Le Québec va de l'avant en instaurant un cadre législatif réglementant la conduite des véhicules autonomes sur nos routes

Le 27 mars 2018, nous avons publié un bulletin spécial traitant de l’incident de Tempe qui donne un aperçu de l'environnement réglementaire à travers le Canada et de la nécessité d'apporter des changements. Le présent article aborde plus particulièrement le cadre réglementaire québécois et la question qui se pose est de savoir si ces accidents auront une incidence sur la nouvelle législation visant à faciliter l'utilisation de véhicules autonomes sur la voie publique au Québec.

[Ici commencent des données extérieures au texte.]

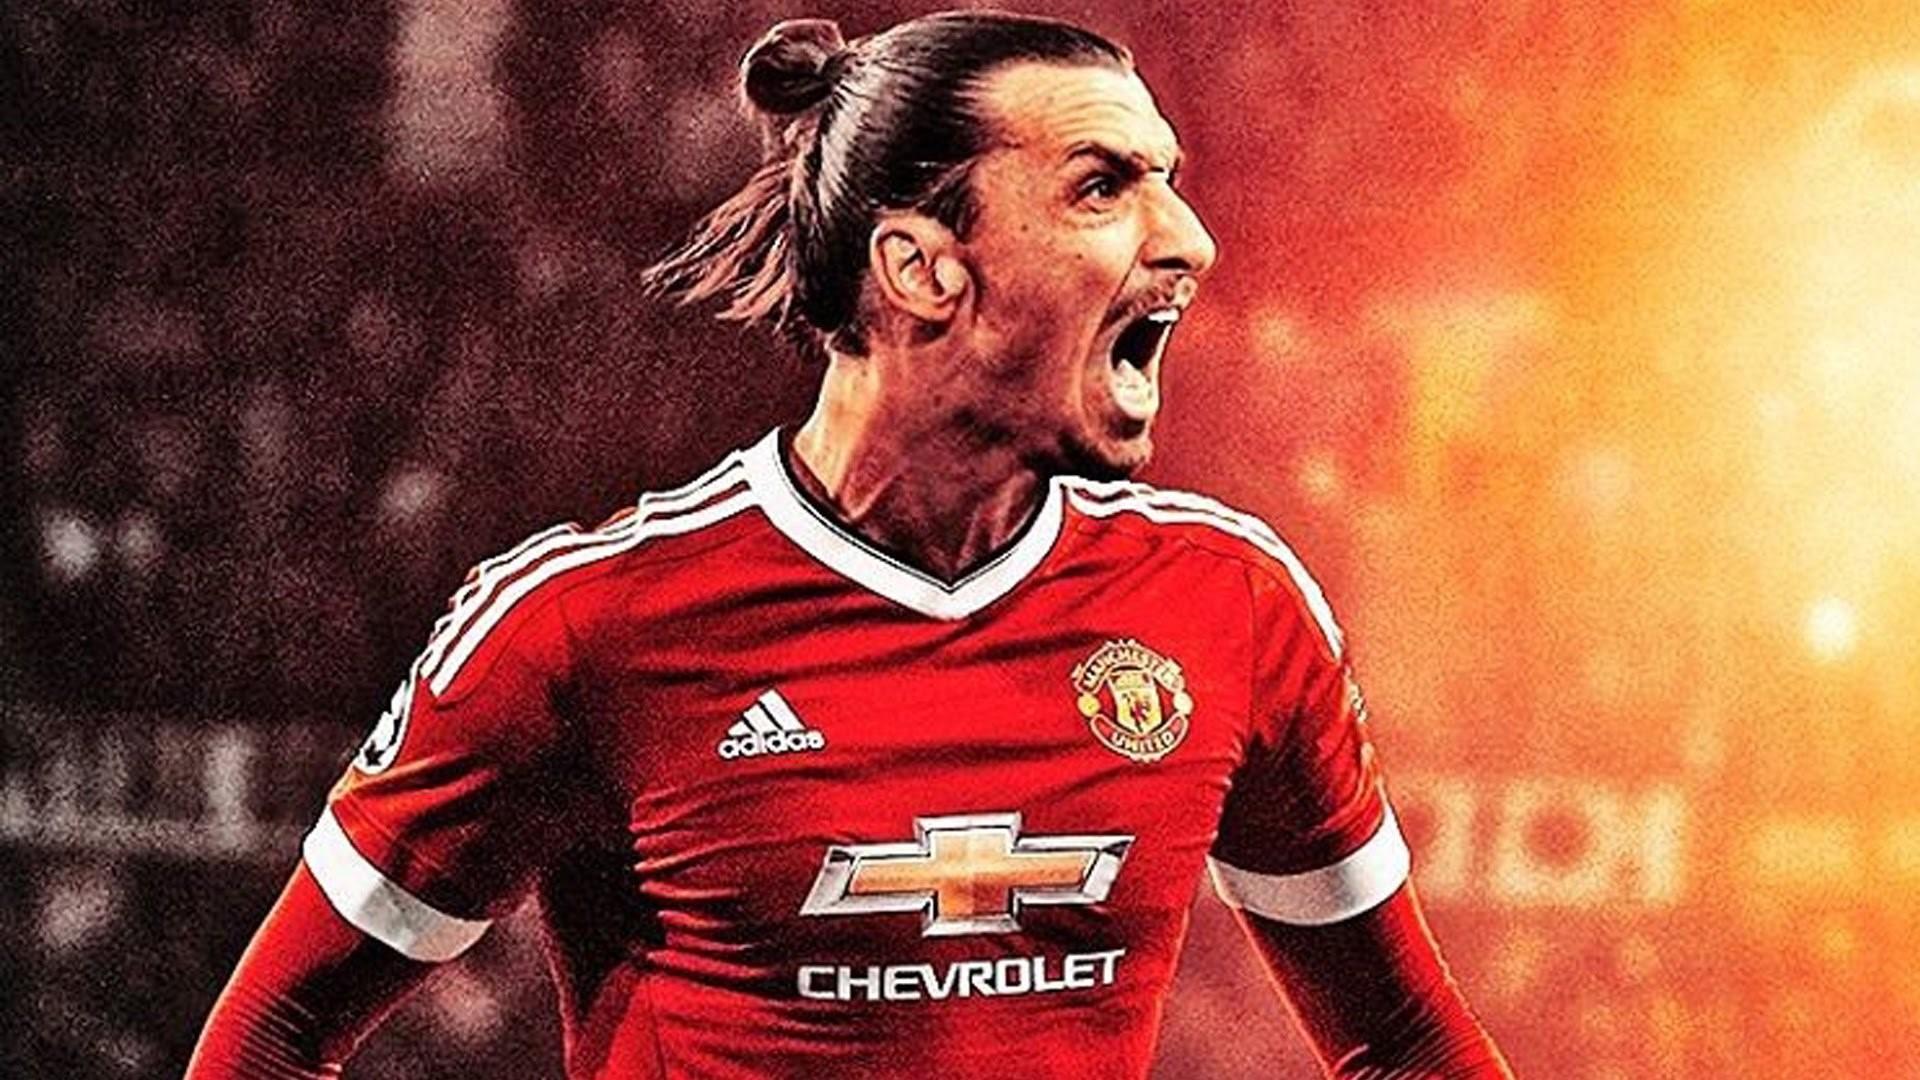 Zlatan Ibrahimovic Background images

Le Québec, ayant tout juste adopté la Loi modifiant le Code de la sécurité routière et d’autres dispositions2 (ci-après la « Loi modifiant le CSR » ou la « Loi »), est allé de l’avant en réglementant l’utilisation des véhicules autonomes sur nos routes par l’adoption du projet de loi no 165 le 17 avril 2018.

L’un de ces changements permettra à la province d’autoriser la mise en œuvre de projets-pilotes visant à expérimenter l’utilisation des véhicules autonomes sur les routes du Québec à compter du 18 avril 2018. De plus, dès le 18 mai prochain, les véhicules autonomes de niveau 3 seront exclus de l’interdiction réglementaire de conduire un véhicule autonome sur les routes du Québec.

Le Code de la sécurité routière

Le Code de la sécurité routière du Québec (ci-après le « CSR »)3 est une loi qui régit l'utilisation des véhicules, la circulation des piétons ainsi que la sécurité routière.

En décembre 2017, un projet de loi modifiant le CSR et d’autres dispositions était présenté à l’Assemblée nationale du Québec4. Ayant fait l’objet de consultations particulières et d’auditions publiques au cours des derniers mois, il a été adopté par l’Assemblée nationale le 17 avril 2018; certaines dispositions de la Loi modifiant le CSR sont entrées en vigueur dès le 18 avril 2018, alors que d’autres s’appliqueront à compter du 18 mai 2018.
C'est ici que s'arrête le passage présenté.